特に若い人たちの間では、新聞の代わりにスマホでニュースを読む、あるいはニュース映像や音声をテレビやラジオではなくスマホやパソコンで楽しむのが主流になっています。このため情報媒体としての新聞の存在感が薄まり、広告・宣伝媒体としての新聞の地位も下がり、新聞部数の減少や広告収入の減少に多くの新聞社が悩まされています。

この現象に立ち向かうため、新聞社も独自にデジタル・サービスを拡充し、ニュース以外の独自コンテンツもそろえて、新聞の付加サービス、あるいは独自の有料サービスとして展開し、新聞読者の引き留め、新規読者の獲得を目指すとともに、新聞部数や広告の減少分を補完する努力を続けています。

欧米の一部の新聞社は、新聞からデジタル・サービスへと重心を移すことによって苦境を乗り越えたといわれますが、楽観を許さない状況が続いているように思います。アメリカではいくつかの地方紙が経営難で姿を消し、欧州でも廃刊、休刊に追い込まれたり、新聞記者の削減を余儀なくされたりした新聞社が少なくありません。政府からの補助金でかろうじて生き延びている例もあります。

デジタル化の流れを押しとどめることはできませんが、デジタルの奔流の中で、信頼される情報媒体としての新聞を存続させるにはどうするか。恐竜のように環境の変化に適応できずに絶滅することを防ぐには、どのように対応していくのか。これがまさに現在の新聞に問われていることです。

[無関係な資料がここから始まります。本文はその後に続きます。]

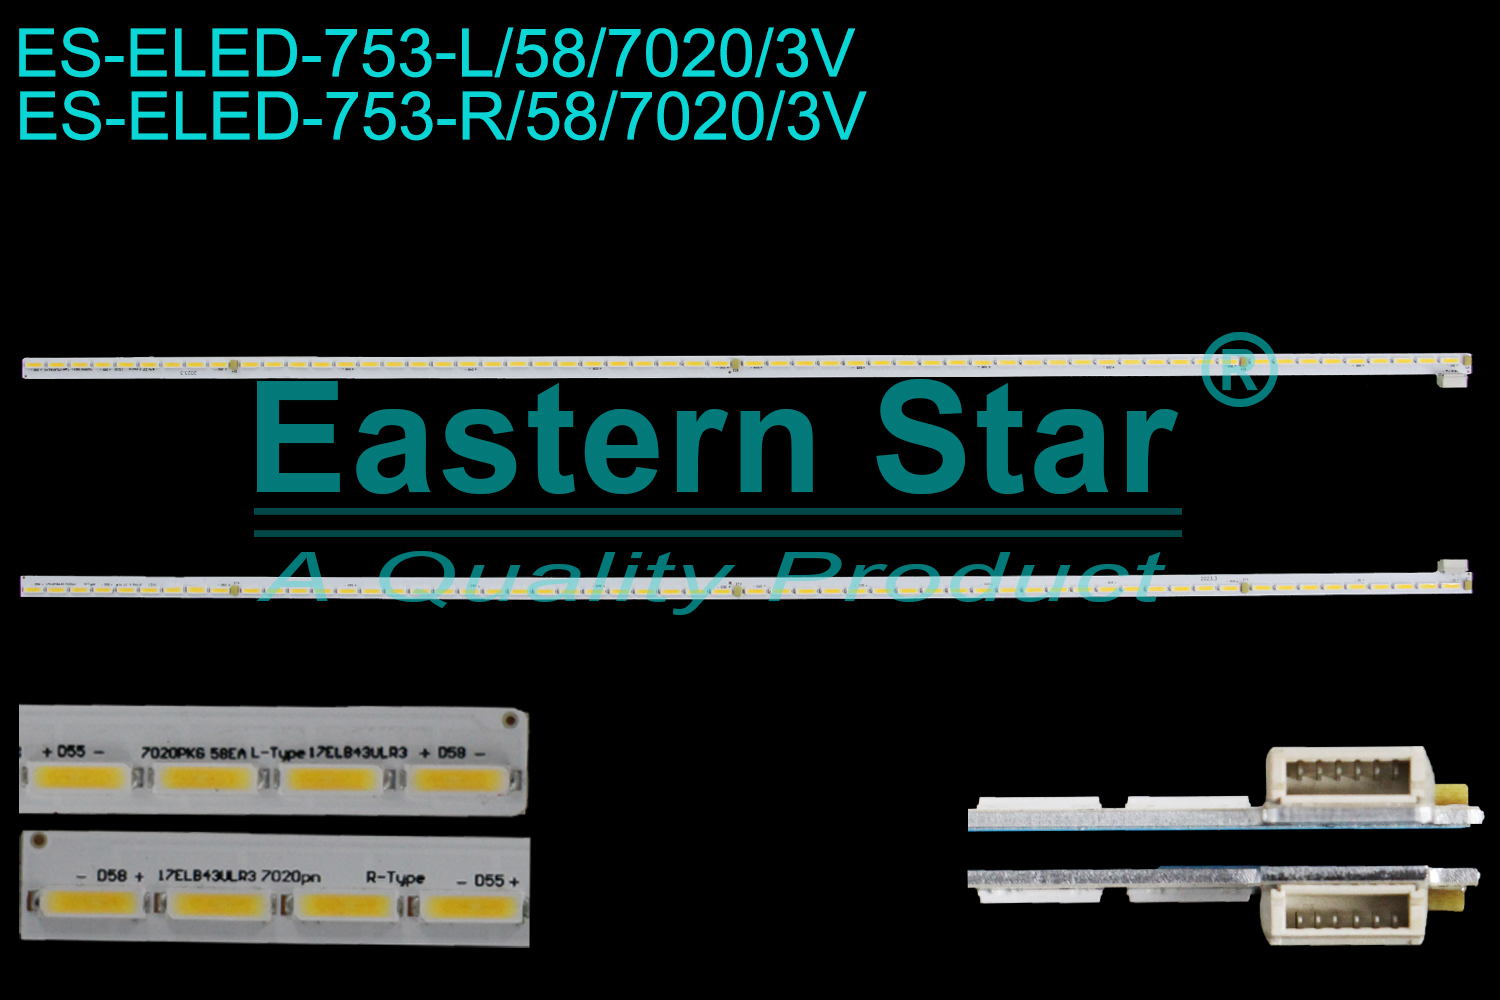 ES-ELED-753 ELED/EDGE TV backlight use for 43'' Vestel  43FB755 L: 17ELB43ULR3 7020PKG 58EA L-TYPE 1538  R: 17ELB43ULR3 7020PKG 58EA R-TYPE 1541 LED STRIPS(2)

紙の新聞の発行にとどまらず、新聞のコンテンツを生かしたデジタル・サービスを新聞購読者へのサービスとして提供したり、あるいは有料サービスとして展開したりしています。一方で、日本の新聞社は系列のテレビ会社を持ち、他にもいろいろ多角的に事業を行うことによって、新聞発行との相乗効果を上げながら経営基盤の強化に取り組んできました。今後もそうした努力を続けなければなりません。

紙の新聞とデジタル・サービス強化という混合型のビジネスで苦境を乗り越えようとしているわけで、これが維持できれば新聞が恐竜のように絶滅することはない、というのが私の結論です。

新聞記者が直接、見聞きした情報を記事にし、それを編集者が読んでニュース価値を判断した上で読者に届ける新聞は、フェークニュースが横行するネット社会の中で、信頼できる情報源として読者を導くナビゲーション機能を果たしています。航海に不可欠な羅針盤の役割です。

新聞社のデジタル・サイトは新聞記事のコンテンツを再編集したもので、根っこは新聞記者が集めた情報です。ジャーナリストの知識、経験、判断、表現力が凝縮された結果なのです。

こうしたことを盛り込んで私のスピーチを終えました。締めくくりに、ウクライナ情勢に触れ、日本が欧米諸国と連帯してウクライナを支援し、ロシアへの制裁に参加していること、北方領土問題を抱える日本にとってウクライナ戦争が対岸の火事ではないこと、アジアへの影響を注視していることなどを説明しました。